Since then, everything changed, the shock of the diagnosis giving way to the dogged determination that defined the RTÉ man’s career as an investigative reporter. Charlie Bird was a man on another mission, his mantra 'to extend the hand of friendship’.

Climb with Charlie, a fundraising hike up Croagh Patrick, initiated with his wife Claire, raised over €3.6 million for charity. He also co-wrote (with Ray Burke) an award-winning memoir, Time and Tide, continued to campaign for justice for the Stardust Fire victims and met his musical hero, Bruce Springsteen.

So much more too. But the disease takes no note of such things: unforgiving and unceasing, it beats on. The 73-year-old tweeted recently that he was at a crossroads as his mobility failed evermore.

We communicate by email. The answers (shaped using voice technology) come in well ahead of deadline, Charlie Bird was ever expedient. "For me what I am facing is a nightmare," he writes. "I now know that MND is going to affect all my limbs and there is nothing I can do about that. I can’t change what is coming for me, but, I mean this while I have a single breath in my body, I am going to continue to help raise awareness for different groups.

"I also said when I got my diagnosis I didn’t want to end up in a wheelchair.
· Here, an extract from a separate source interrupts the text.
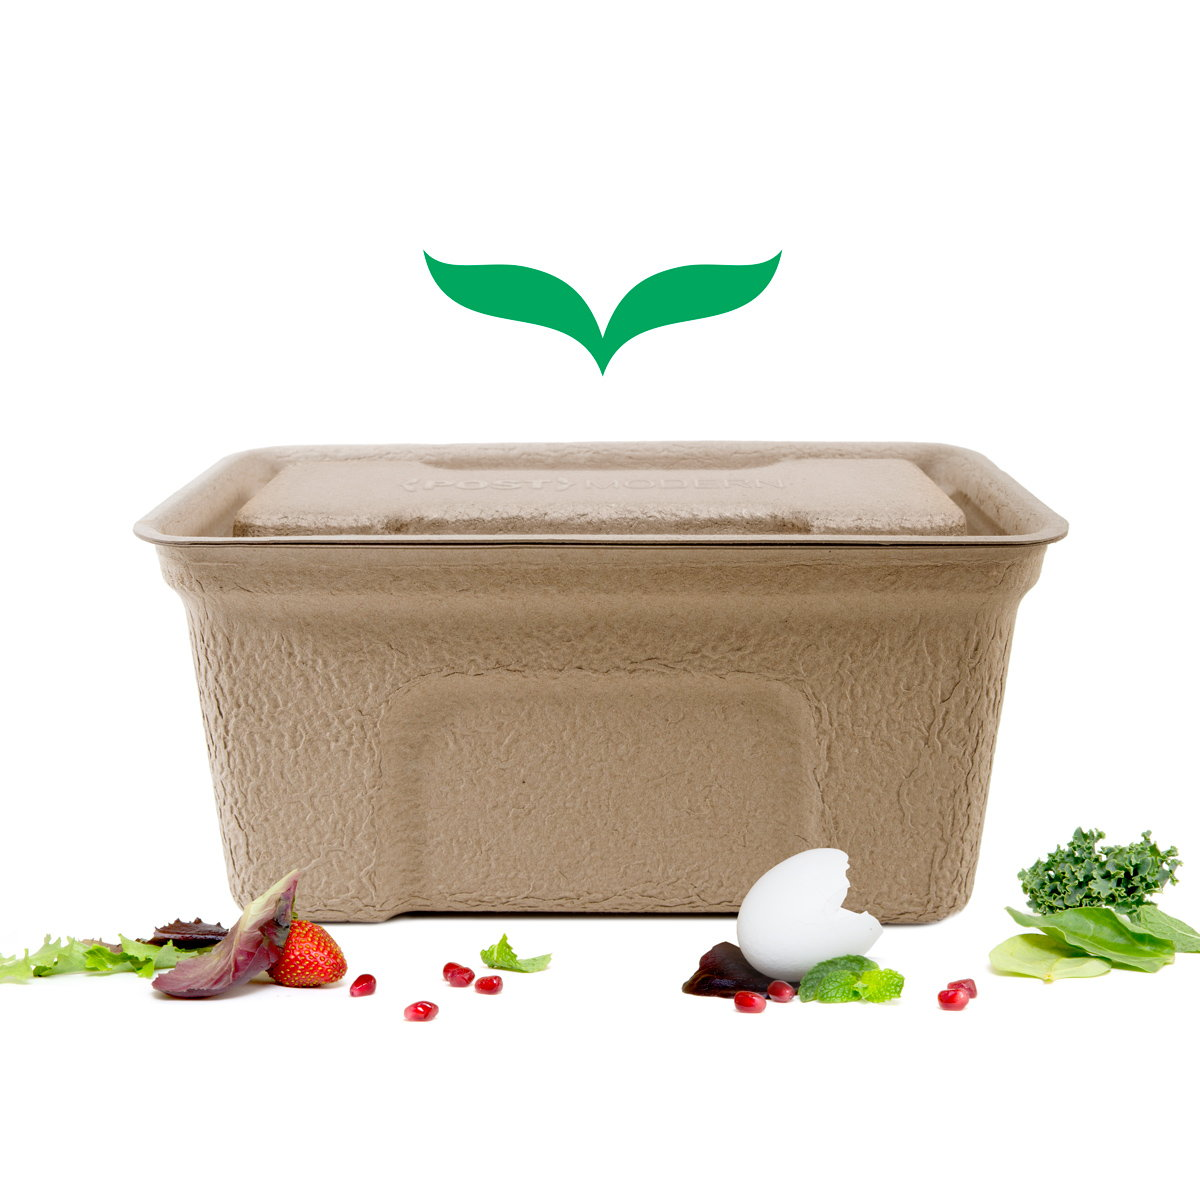 post modern compostable kitchen compost bin by platform. Black Bedroom Furniture Sets. Home Design Ideas

But every day when I am out and about, I see people in wheelchairs, and I get guilty and upset at my initial reaction and what I said. There are lots of lovely people out there who have to live their lives in a wheelchair, and I now accept I may be one of them soon. In this life, none of us knows what might be around the corner and I am facing up to the reality of my situation. But I do want to apologise to everyone who is in a wheelchair and to their families as well."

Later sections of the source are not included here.